After some research I've found out several things, but not a solution.

a) The Media player seems to separate Albums by the album name, the album artist, and the album art work. Unfortunately it seems to look up the artwork on it's own, so different tracks in the same album can wind up with different artwork, hence are treated as separate albums.

2) It also seems to cache information about tracks so if you correct tags, they often aren't picked up. There doesn't seem to be a way to force a refresh either.
 
Are the albums compilations with multiple artists in them? If so, then the S's media player splits albums into separate albums for each artist on the album. It doesn't know about or pay any attention to the album artist tag, only the artist tag.

If you feel like hassling with it, you can use mp3tag or similar tag editing software, and "fix" (i.e., work around) the issue by replacing the artist tags with the album artist tags. Search the forums here for a thread that goes into this in detail if this does seem like your issue.
 
I think I've seen behavior like you're describing. It seems like in some instances the media player is ignoring my metadata and looking up its own metadata online.

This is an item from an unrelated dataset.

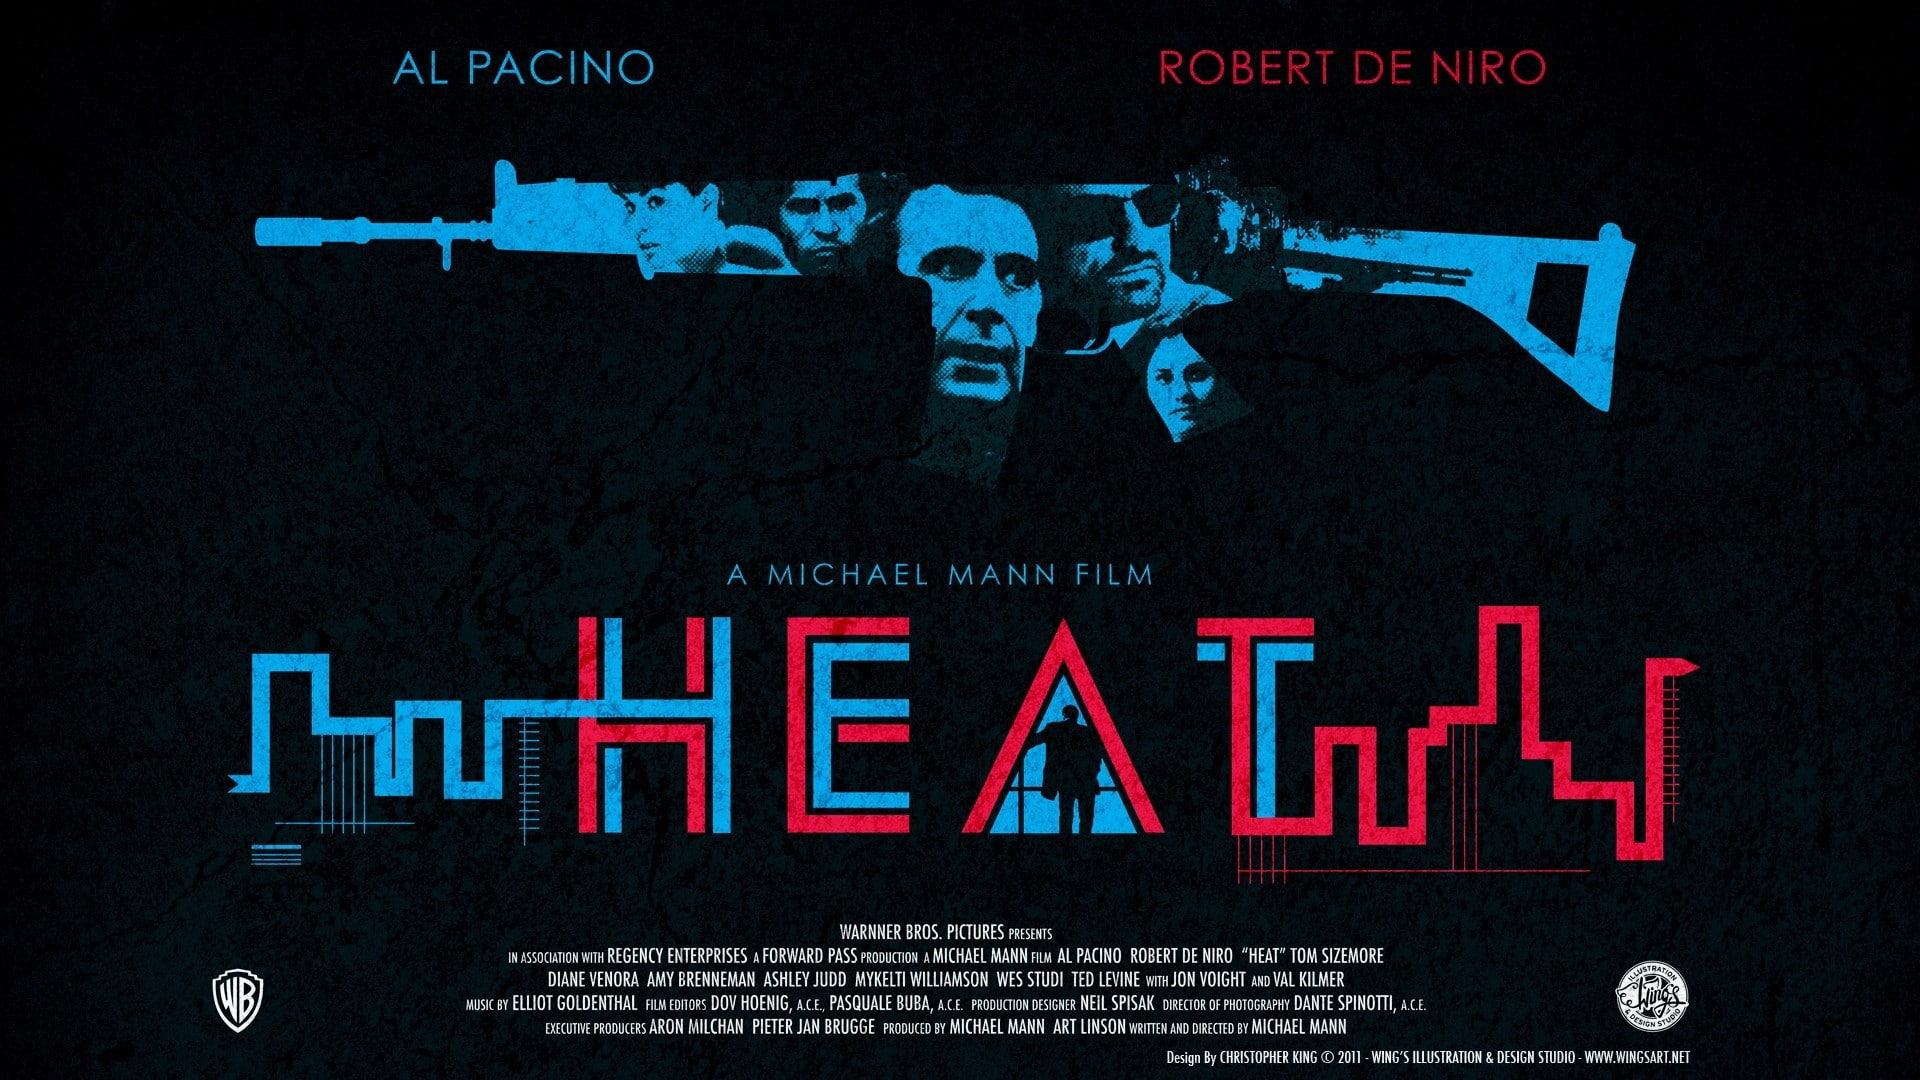 al pacino robert de niro heat heat movie heat movie, communication

Example: Artist Florence + The Machine, album Lungs, Deluxe Edition. There are two discs; the main album and the bonus disc. Whoever entered the bonus disc into freedb put the artist as Florence & The Machine instead of the proper Florence + The Machine. After I ripped the bonus disc I manually fixed the tags on all the mp3 files. But Tesla's media player ignores my fix and creates a second Artist entry for Florence & The Machine. I have some other more obscure stuff with similar problems. Annoying. Wish I could force it to use my metadata, even if it means it can't find album art.
 
Are the albums compilations with multiple artists in them? If so, then the S's media player splits albums into separate albums for each artist on the album. It doesn't know about or pay any attention to the album artist tag, only the artist tag.

If you feel like hassling with it, you can use mp3tag or similar tag editing software, and "fix" (i.e., work around) the issue by replacing the artist tags with the album artist tags. Search the forums here for a thread that goes into this in detail if this does seem like your issue.
I don't think that's completely the case. I have tracks with the same album and album artist, and different artist tags that the Media Player shows as one album. Part of the problem is that since the Media Player seems to do caching, it's not obvious when you change tags what happened because it's using its own cache, not what's on the USB.
 
After some research I've found out several things, but not a solution.

a) The Media player seems to separate Albums by the album name, the album artist, and the album art work. Unfortunately it seems to look up the artwork on it's own, so different tracks in the same album can wind up with different artwork, hence are treated as separate albums.

2) It also seems to cache information about tracks so if you correct tags, they often aren't picked up. There doesn't seem to be a way to force a refresh either.

Regarding (2), put all of your music into a folder at the root of your USB drive using the date. When you update metadata, update the folder name as well. When you put the USB drive back into the car, it will see the new folder name and clear its cache, reupdating everything.

Regarding (1), you're right--it's jacked up.
 
Regarding (2), put all of your music into a folder at the root of your USB drive using the date. When you update metadata, update the folder name as well. When you put the USB drive back into the car, it will see the new folder name and clear its cache, reupdating everything.

Regarding (1), you're right--it's jacked up.

I'm sure Todd's solution works, because the Model S system looks at the folder name, and only updates the cached information if the folder name has changed.

But another option, if you don't want all the information to have to be recompiled (or whatever it is the car's system does every time) is to simply change the folder name of the album or artist in question. You can do that by simply adding an extra space between words or letters. The folder name won't be seen often anyway, (only when you view by folder or something like that) so if you don't go crazy, this shouldn't bother you too much.